His thread game me the idea, I find interesting connections between the two, hmm


----------



## Captainnumber36 (Jan 19, 2017)

David OByrne said:


> Are you saying that you are Czech composer?
> 
> His thread game me the idea, I find interesting connections between the two, hmm


What are those connections?


----------



## Captainnumber36 (Jan 19, 2017)

One thing that comes to mind is the free spirit of Jazz musically, and the free spirit, emotionally, of romanticism, that I can see!


----------



## Tchaikov6 (Mar 30, 2016)

Romanticisim!!!!


----------



## tortkis (Jul 13, 2013)

David OByrne said:


> I find interesting connections between the two, hmm


Recently I listened to Schumann's complete piano works, and I was often reminded of jazz. It's not about rhythm, but the harmonies are much closer to jazz compared with Classical era music. I believe modern jazz players, especially pianists, borrowed a lot from romantic composers.


----------



## Pugg (Aug 8, 2014)

David OByrne said:


> Two different periods, what do you think is the best? Do you see comparisons between the two? For me it is jazz


Romanticism for sure, I can't see any comparison between those two ,


----------



## norman bates (Aug 18, 2010)

David OByrne said:


> Do you see comparisons between the two?

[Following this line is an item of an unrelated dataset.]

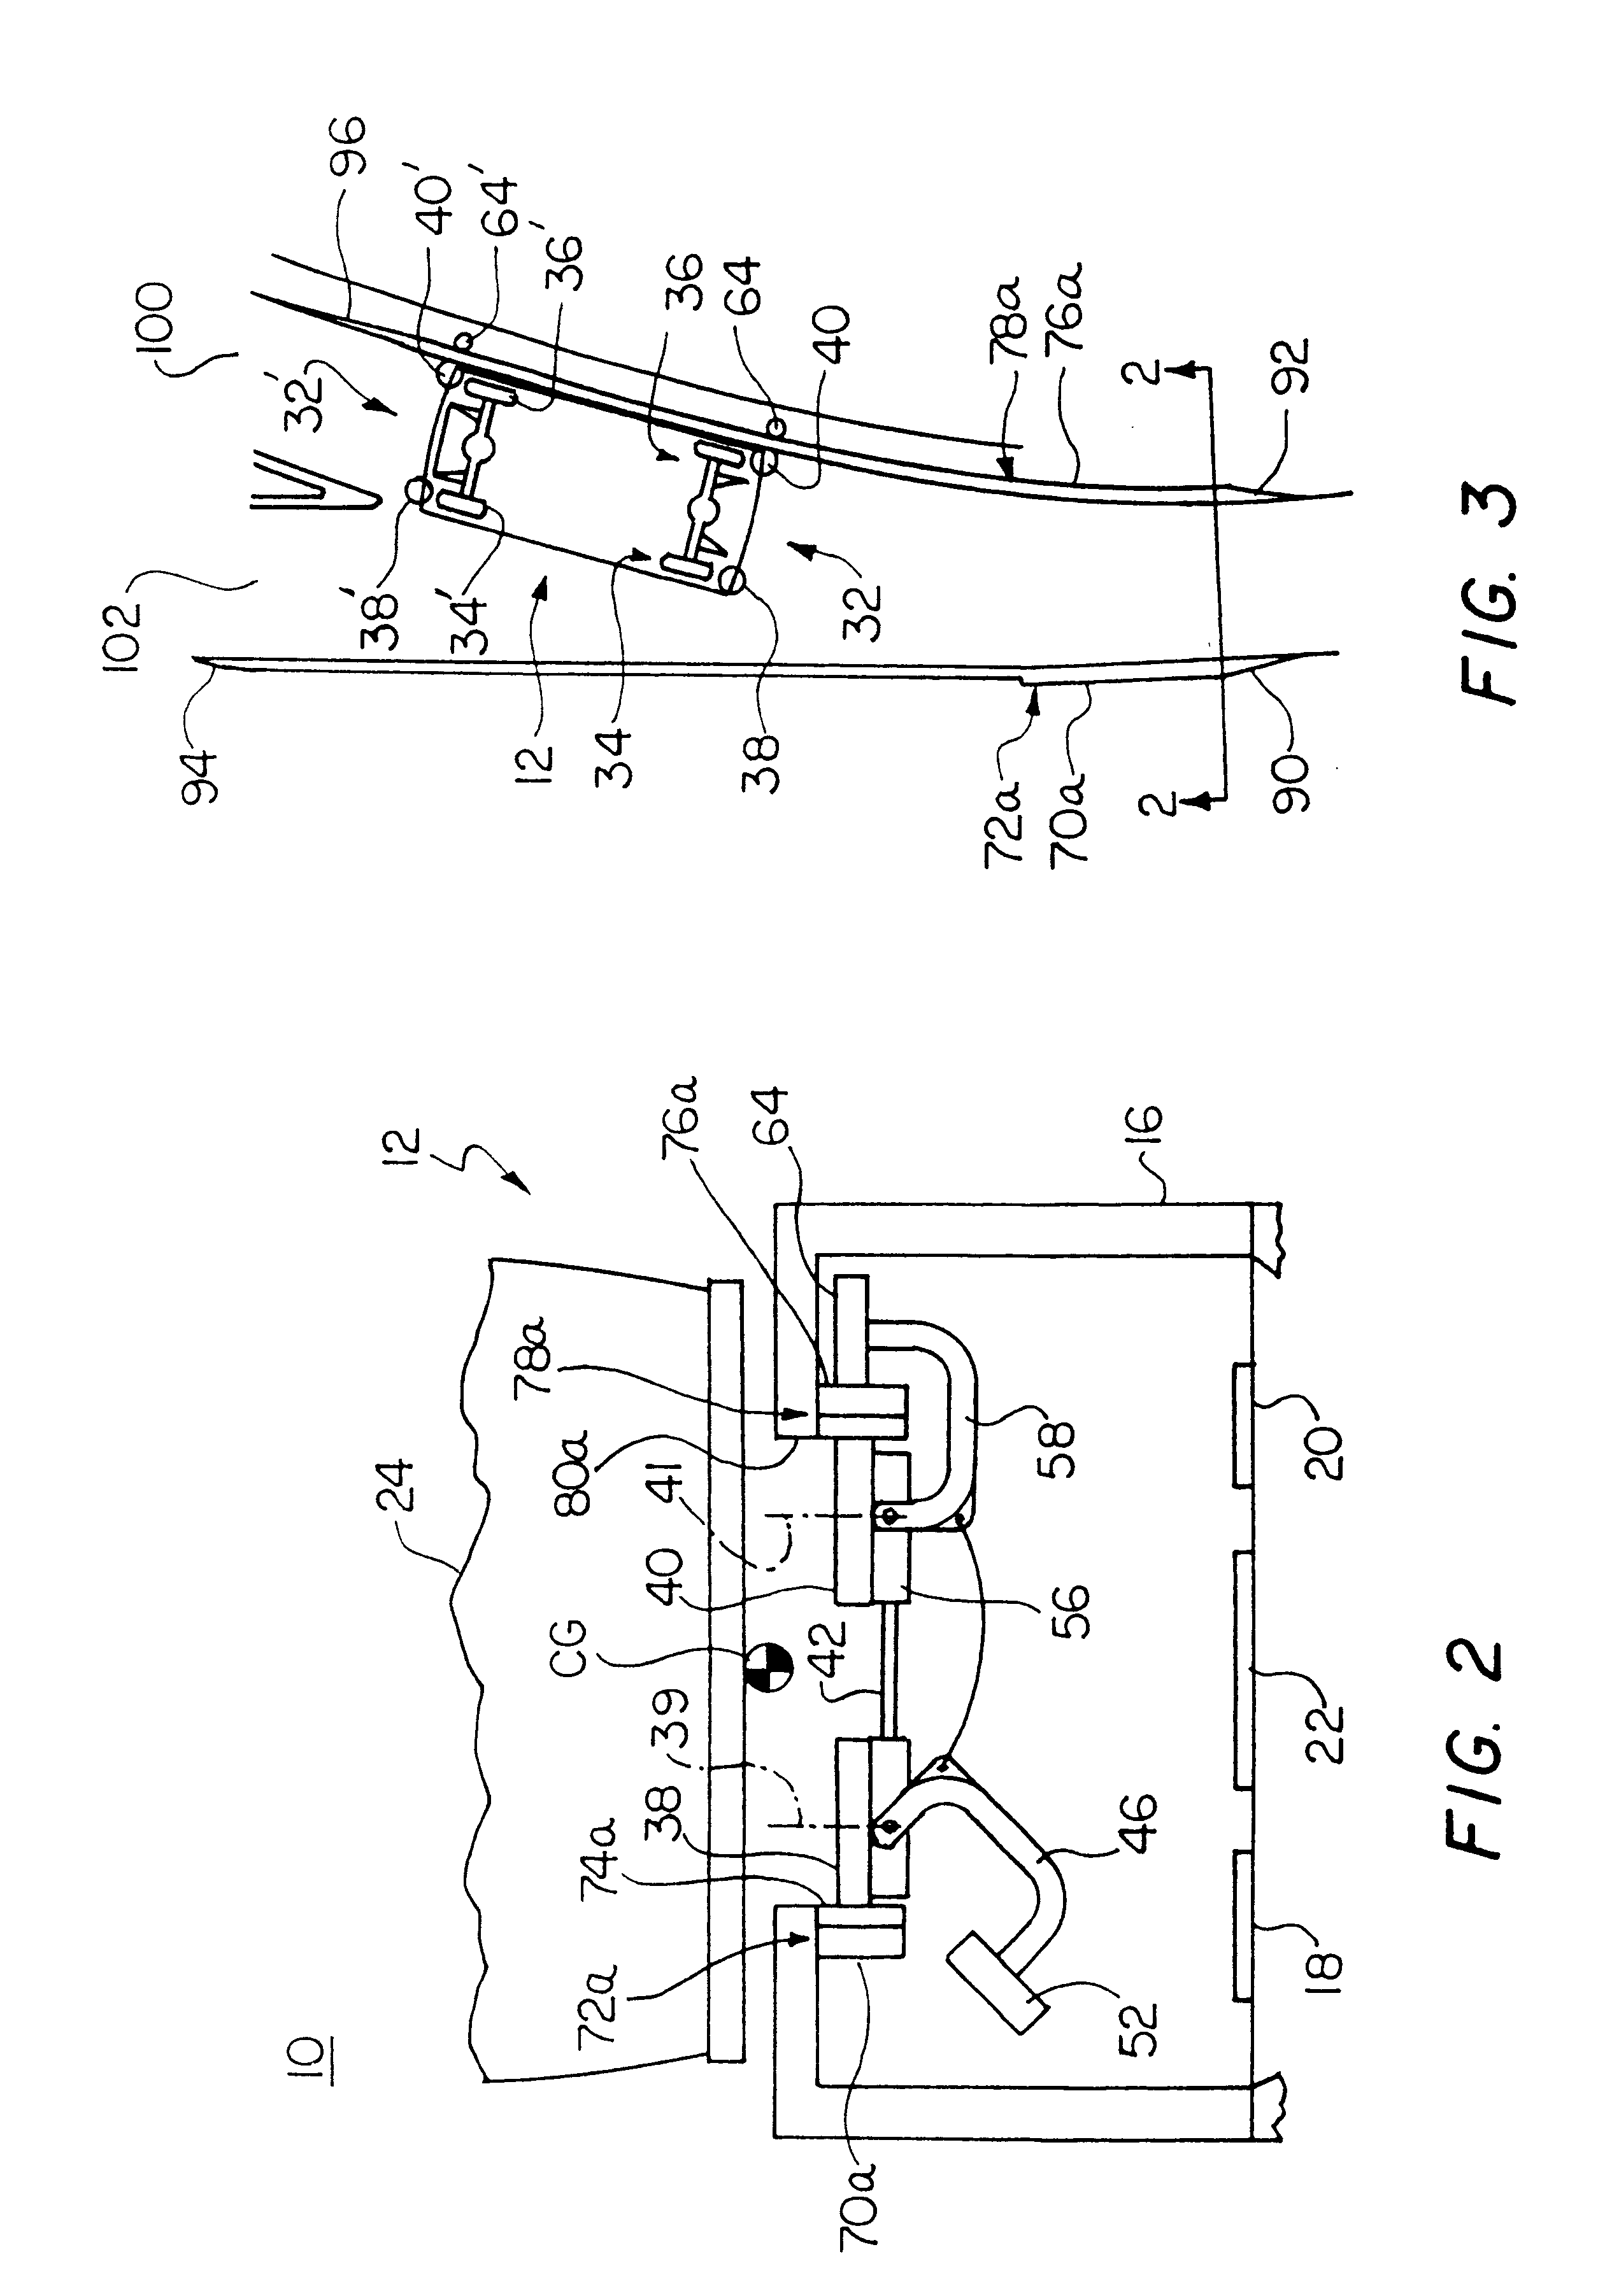 In-vehicle switch mechanism

sure, there's a lot of romantic jazz.
This could be one of the greatest romantic lieders, altough written by a jazz composer, but the style is clearly romantic:


----------



## norman bates (Aug 18, 2010)

tortkis said:


> Recently I listened to Schumann's complete piano works, and I was often reminded of jazz. It's not about rhythm, but the harmonies are much closer to jazz compared with Classical era music. I believe modern jazz players, especially pianists, borrowed a lot from romantic composers.


exactly.
Thake this:





it's not difficult to hear the influence of romantic pianists (Chopin for instance)


----------



## Larkenfield (Jun 5, 2017)

David OByrne said:


> Two different periods, what do you think is the best? Do you see comparisons between the two? For me it is jazz


Do I see a comparison? _Yes I do,_ if one considers classical Romanticism as the subjective interpretative possibilities of rhythm, melody, and harmony... Jazz at its best (Bill Evans, Miles Davis, et alia) also has that freedom and personal subjectivity that explores those same possibilities. But rather than having everything written down, jazz explores the freedom of expression in the NOW through _improvisation_. Classical generally explores the freedom of _interpretation_ in the NOW within the _boundaries_ of the individual parts the composer has written out. I consider both genres complementary to each other and have greatly enjoyed a ton of both over the years, not only as a listener but as a classical and jazz musician (flute, clarinet, alto sax).:cheers:


----------



## eugeneonagain (May 14, 2017)

A great deal of jazz, well into the 1960s is still fully exploring 'tonality' and extended tonality, so it has that in common with romanticism. 'Jazz' is a broad term though: what are you including? New Orleans jazz (Dixieland); big band; bebop....? They differ from one another.


----------



## norman bates (Aug 18, 2010)

eugeneonagain said:


> A great deal of jazz, well into the 1960s is still fully exploring 'tonality' and extended tonality, so it has that in common with romanticism.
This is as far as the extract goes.